Naturally he’d been tongue-tied, after he and Giussi came in off the apartment balcony. The performer was the one who’d come up with the alibi. A boys’ night out, Giussi had called it — tonight, in fact. A flimsy line of talk, considering that Risto had spent plenty of time with both Giussi and Eftah that same week. The gallery was taking part in the Expo, the events were city-wide, and both men had pitched in with the arrangements. Still, if the white girl knew bullshit when she heard it, this time it drew out a different sort of smile. While Giussi and Risto set up their appointment, Paola had actually put in a suggestion. Her murmur was like a woodwind flourish, and the husband had no trouble imagining that, if she knew what he was really up to, she would approve. She would understand he had good reason for ending up in a bad fix.
A three-way fix: not only did Risto have the drop behind him and the knives in front, but also he felt soft spots in the roof. Would it give way if they grappled again? At least now, beyond the two bad guys, he spotted a second bouncer.

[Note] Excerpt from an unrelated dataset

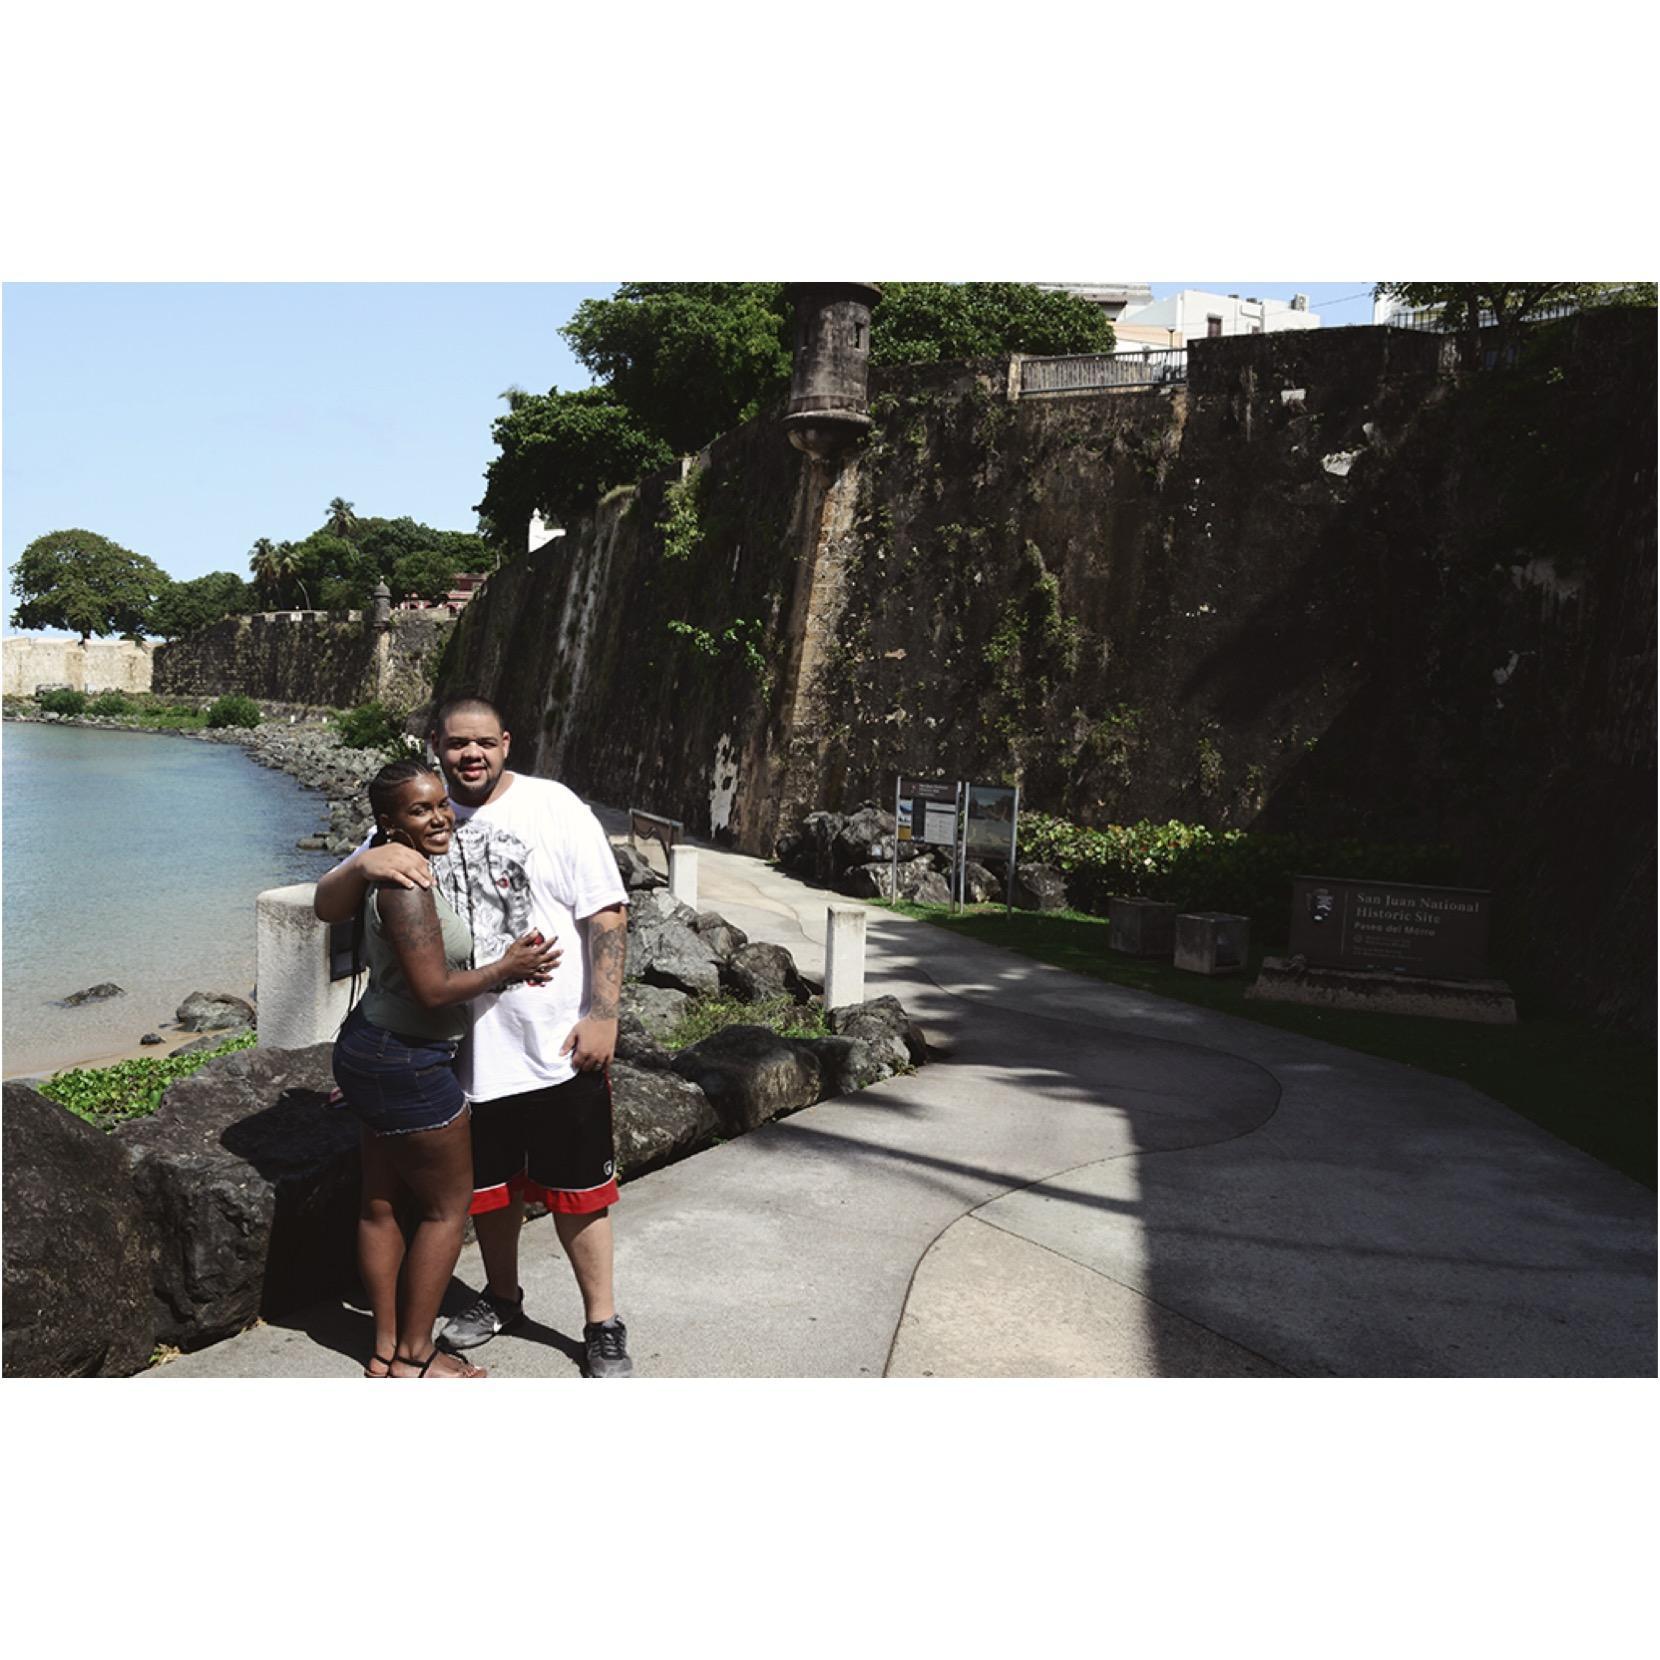 Celebrating our 5th wedding anniversary in San Juan
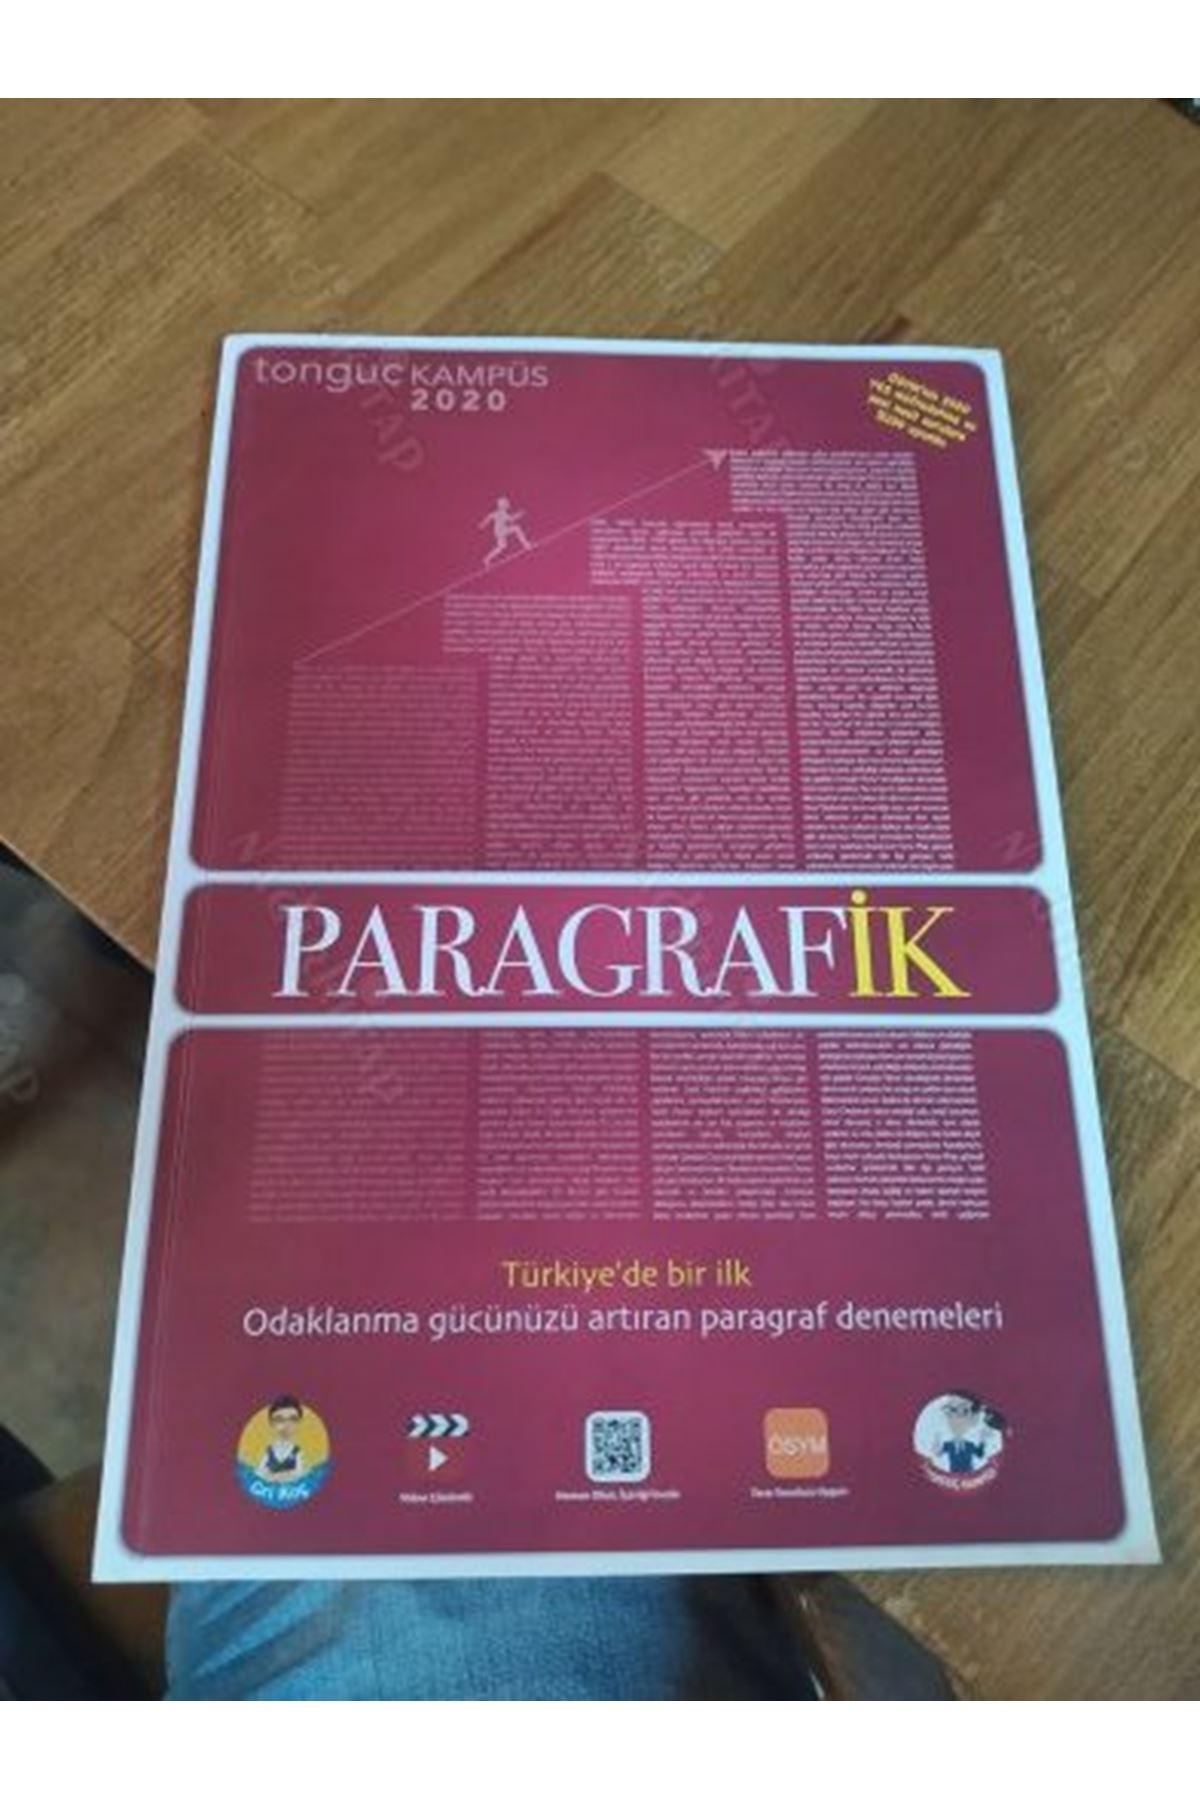 TONGUÇ KAMPÜS - PARAGRAFİK

A buffalo-headed lug, this man settled in alongside the door without a door. He kept his distance (three strides? five?), but he was watching the face-off at the rail. If La Fenestrella had any objection to corpses littering the dance floor, this man was the first indication, and after a long moment Risto remembered him. He remembered the t-shirt, much too tight, decorated in butterflies and flowers in lavender and lime. The guy appeared to have mixed up his clothes with those of a preschool daughter. Still he’d been the gatekeeper for the entire penthouse floor, the Buffalo at the top of the stairs. One pocket of his shorts had bulged with Euros, singles, fives, tens. When Giussi had approached, however, this doorman had merely touched his change-making hand to the Ethiopian’s narrow buttock.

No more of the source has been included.